Dans Ki-Ka-Pou (2016) de Jérôme Combier, une pièce dédiée à l’interprète, quinze fichiers sons (bruits de métaux, claquements de porte, bribes de voix en russe et en anglais) sont autant d’incrustations dans la matière instrumentale. Ki-Ka-Pou est une danse russe du début du siècle, écho du voyage à Pyramiden, cette ancienne cité minière du monde soviétique dont le compositeur a recueilli les vestiges sonores. Le chant est nostalgique, aux étirements microtonals dont l’électronique vient modifier l’espace et la temporalité. Cantiga (chanson en portugais) est une pièce plus ancienne (2006) du compositeur Aurelio Elder-Copes. L’accordéon s’inscrit sur une partie électronique enveloppante, dans un rapport de figure sur fond et une recherche d’espace et de profondeur qui s’accomplit dans les dernières minutes de la pièce. Dans Natura morta (2014) de Carlos de Castellarnau, les deux sources, instrumentale et électronique, sont tressées, qui se complètent et se contaminent dans un flux de matière mouvant et obstiné ainsi qu’un travail spécifique sur la granulation et le divisionnisme de la matière.
Il existe un « son Jodlowski », immédiatement perceptible dans Something out of Apocalypse (2012), une pièce qui regarde vers l’univers cinématographique (Apocalypse Now) de Coppola. Accordéon et partie électronique (sons fixés et transformation live) sont associés dans une même écriture du geste où l’interdépendance et le mélange organique des deux matières doivent servir un discours musical unique. La voix off légèrement traitée, au mitan de l’œuvre, tend le fil du scénario : musique à haute voltage où le son est toujours actif, la texture nourrie et la tension quasi expressionniste sous les doigts de l’interprète. L’électronique intervient en tant qu’agrandissement du champ spatio-temporel dans Instant suspendu de Mayu Hirano. L’accordéon est au centre du dispositif et dispense la part sensible et frémissante du son avant d’être submergé par la vague électronique qui le recouvre. Dans Turn on, Tune in, Drop out, une pièce de 2017 (qui donne son nom à l’album) d’Alexander Vert, le son de l’accordéon microtonal est traité en direct dans l’esprit de l’ « accordéon augmenté ». Jeux de trames et de boucles, épaississement progressif de la texture et énergie cinétique gorgent une partie instrumentale virtuose que l’électronique démultiplie dans l’espace.

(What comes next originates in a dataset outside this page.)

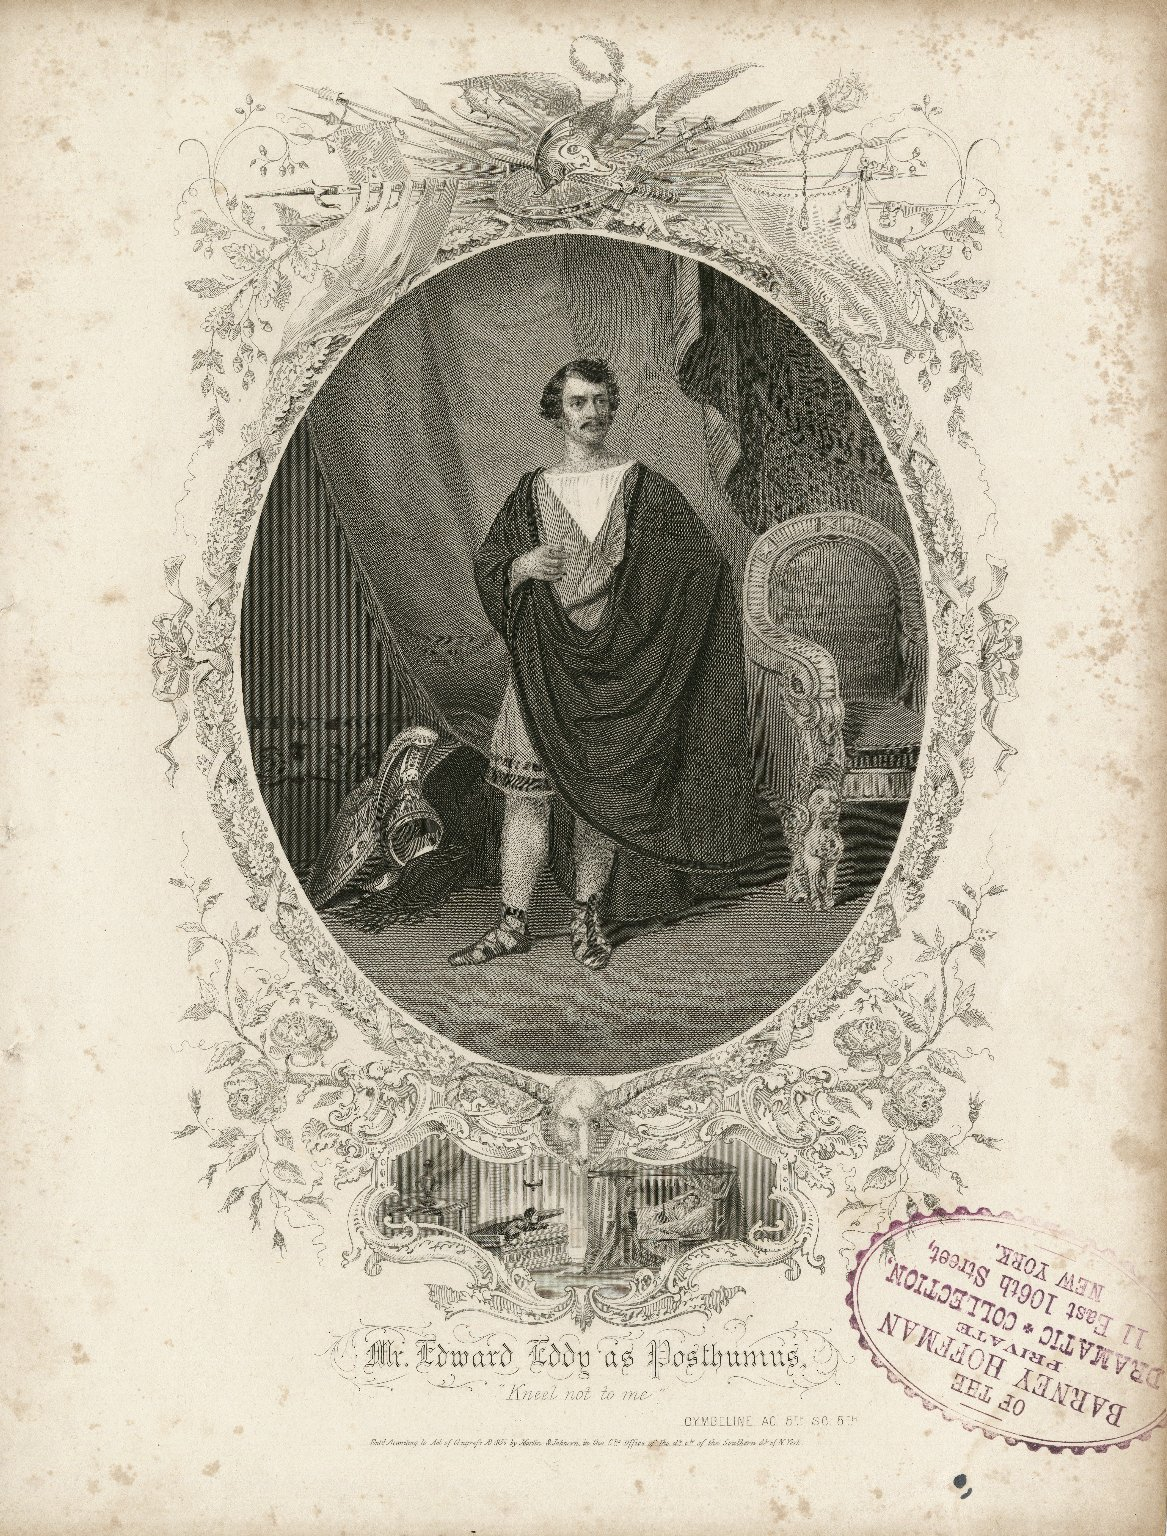 Mr. Edward Eddy as Posthumus [in Shakespeare's Cymbeline] [graphic].

De l’intérieur – notre coup de cœur – de la benjamine de cet album Núria Giménez-Comas invite à l’écoute intime du son de l’accordéon microtonal dont l’outil électronique, en phase avec le jeu de l’accordéoniste, agit en révélateur : battements entre deux fréquences, granulation, souffle, dévoilement spectral (évoquant l’orgue à bouche shō). L’exploration est inventive et délicate, le geste sensible et passionné.
La performance de Fanny Vicens ne l’est pas moins, alliant intelligence du texte, adéquation du geste, énergie du son et déploiement d’un nuancier de couleurs dont l’instrument microtonal exacerbe le potentiel.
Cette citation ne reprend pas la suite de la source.